● **Task**: Return the listing exactly. Keep no pictures.

#### Dataset excerpt ####

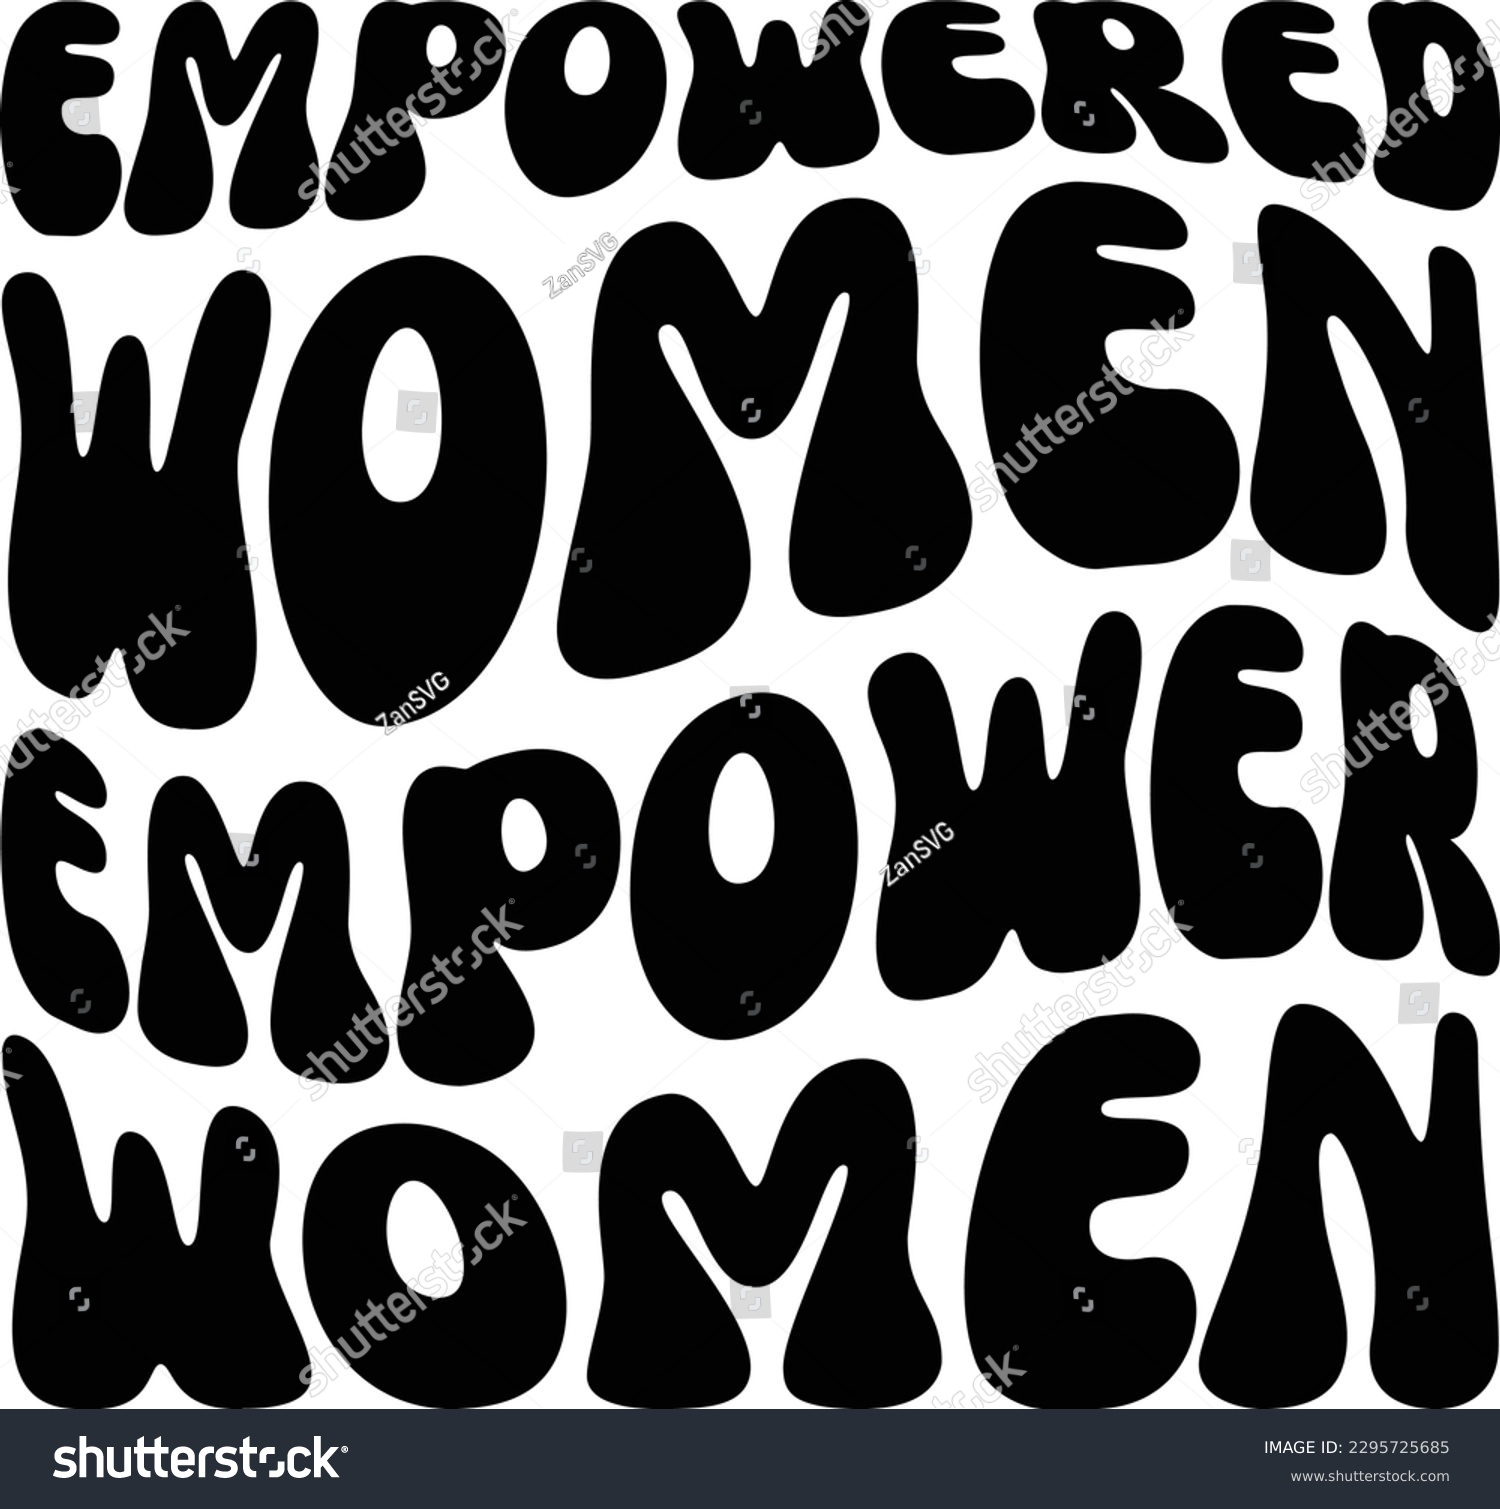 SVG of Empowered women empower women svg file svg
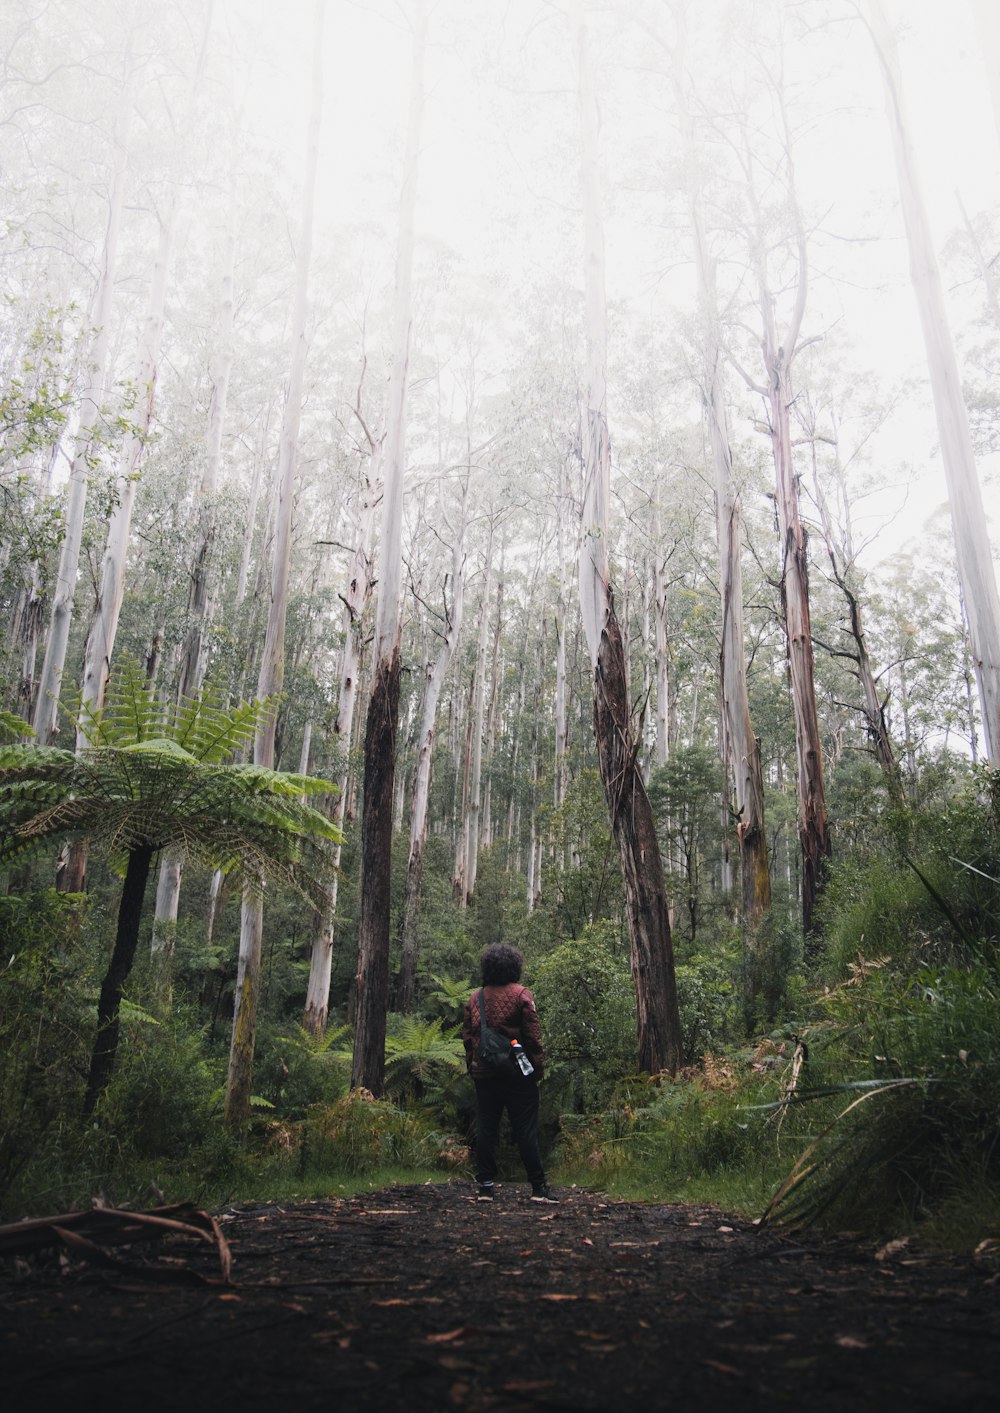 pessoa em jaqueta preta andando na floresta durante o dia nebuloso
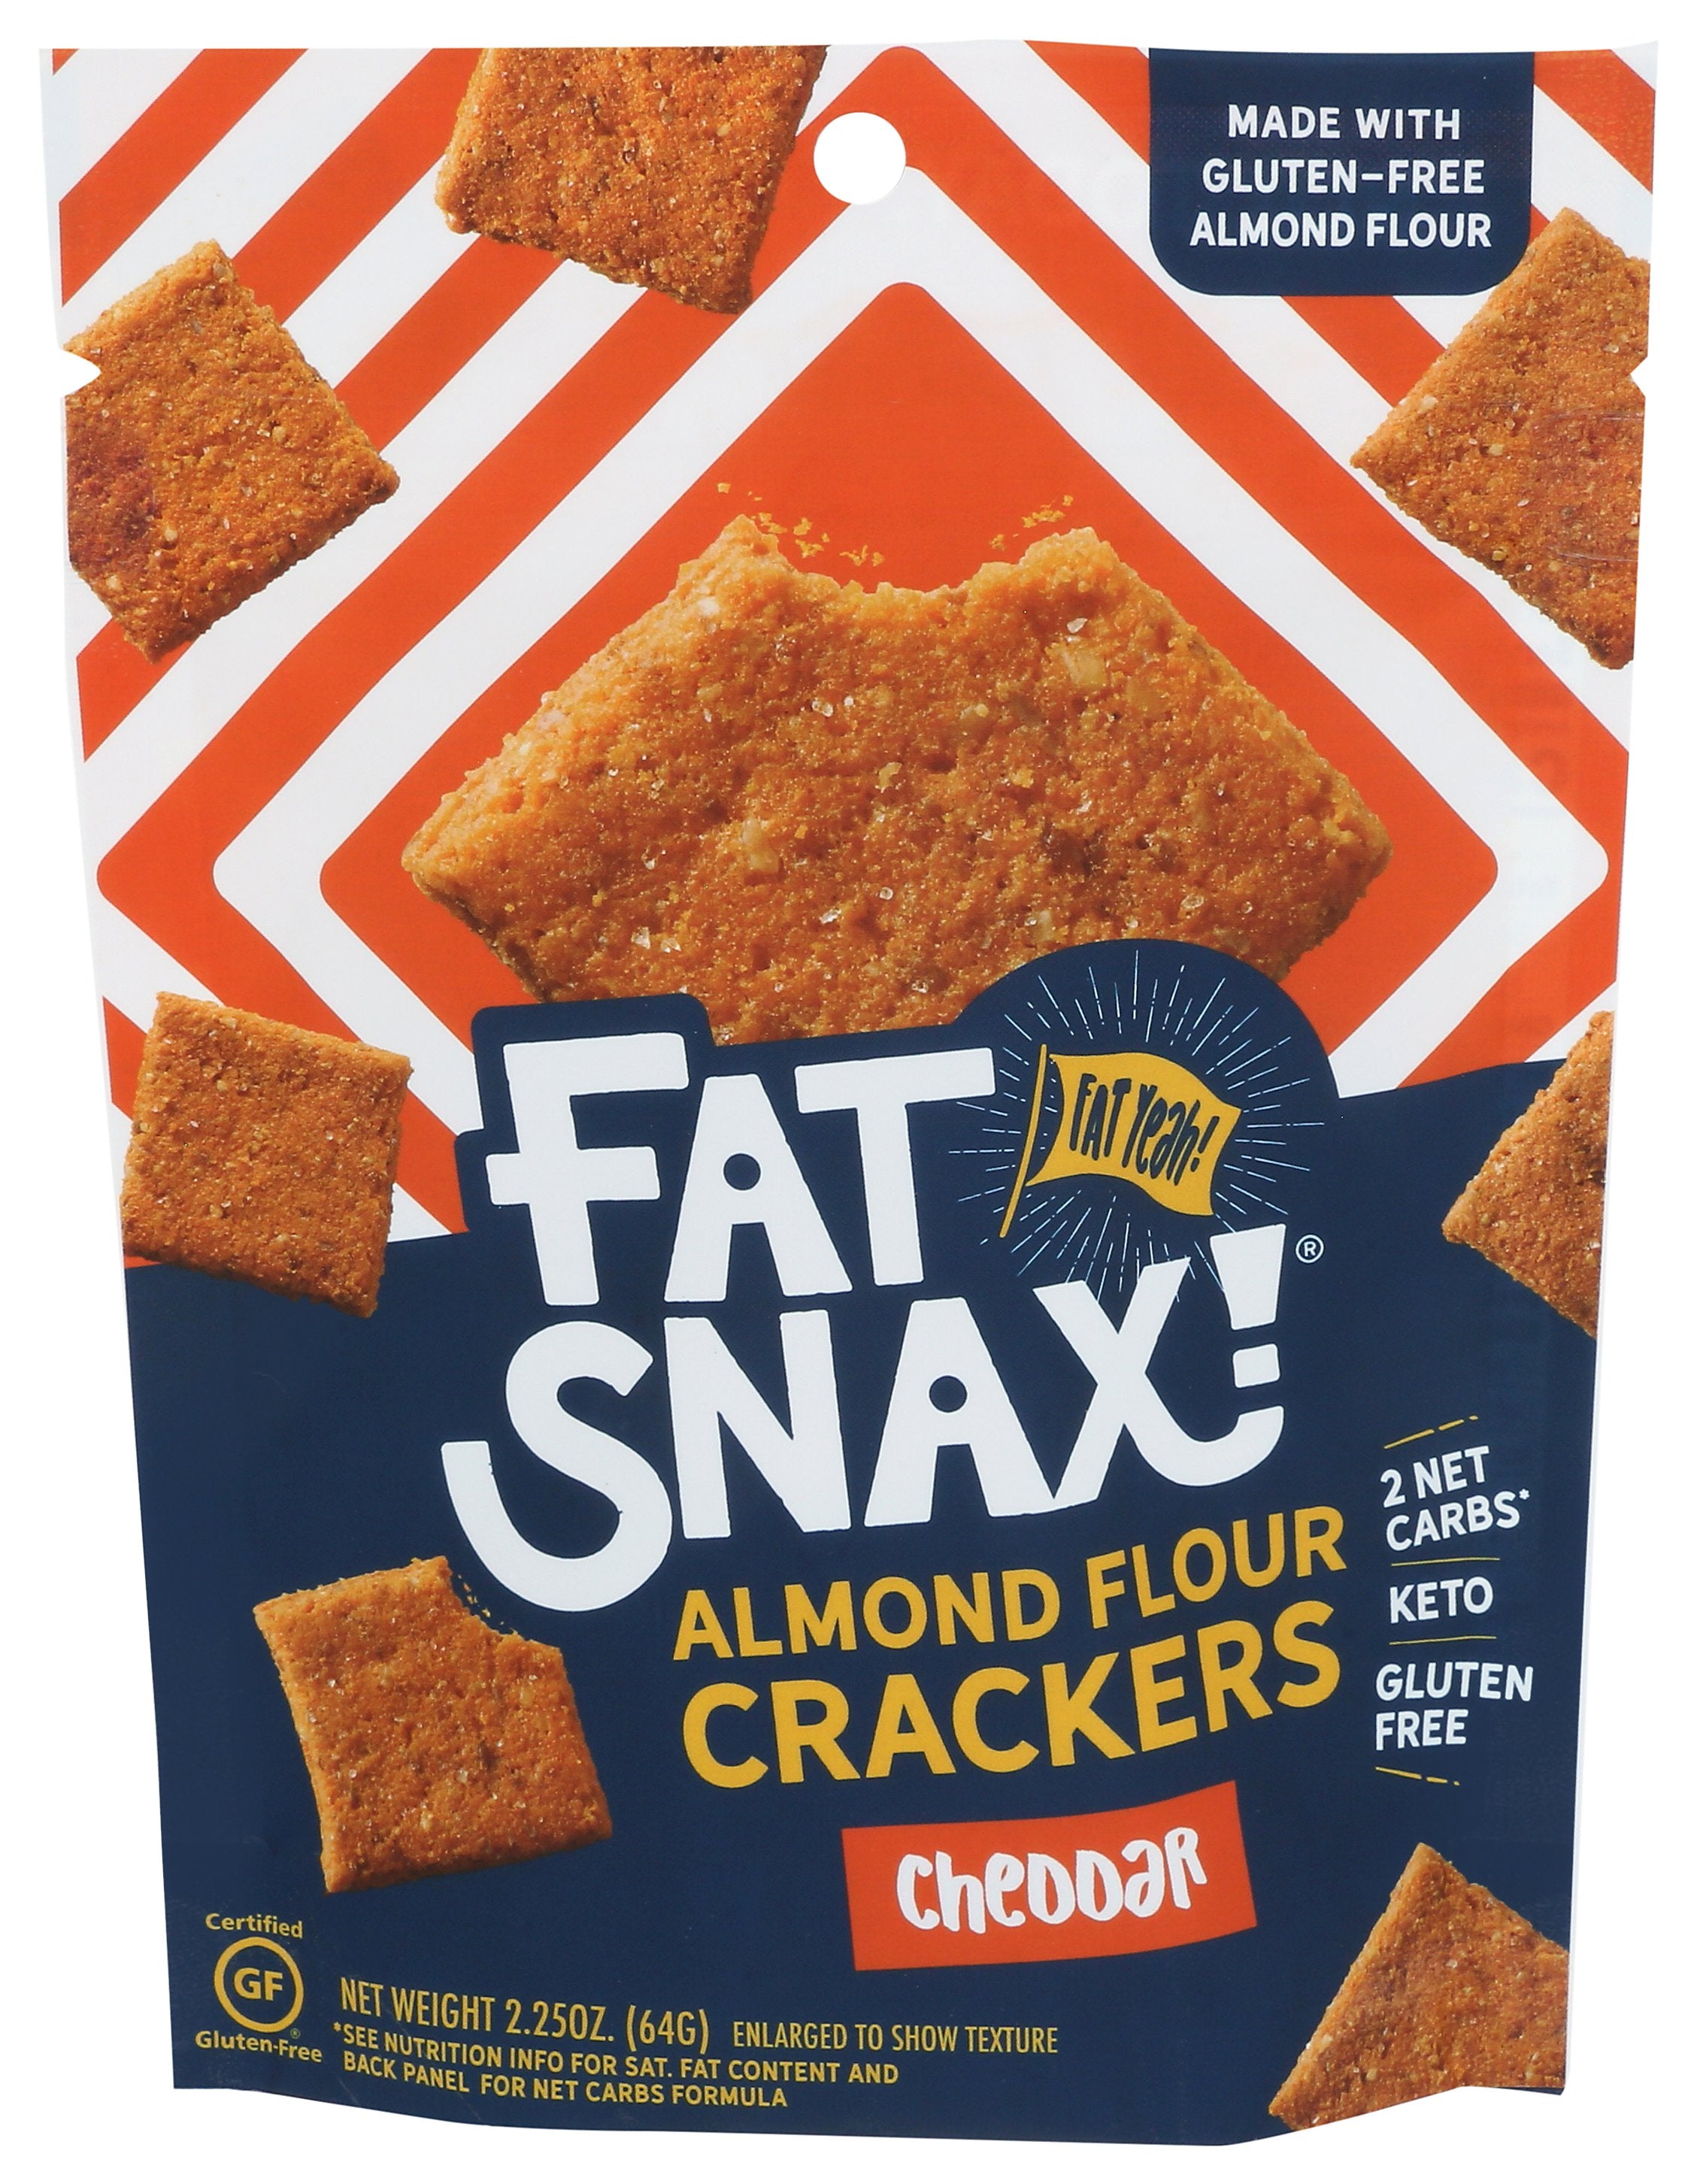 FAT SNAX CRACKER ALM FLR CHEDDAR - Case of 8

####

● **Response area**:
 SVG of Empowered women empower women svg file svg
 pessoa em jaqueta preta andando na floresta durante o dia nebuloso
 FAT SNAX CRACKER ALM FLR CHEDDAR - Case of 8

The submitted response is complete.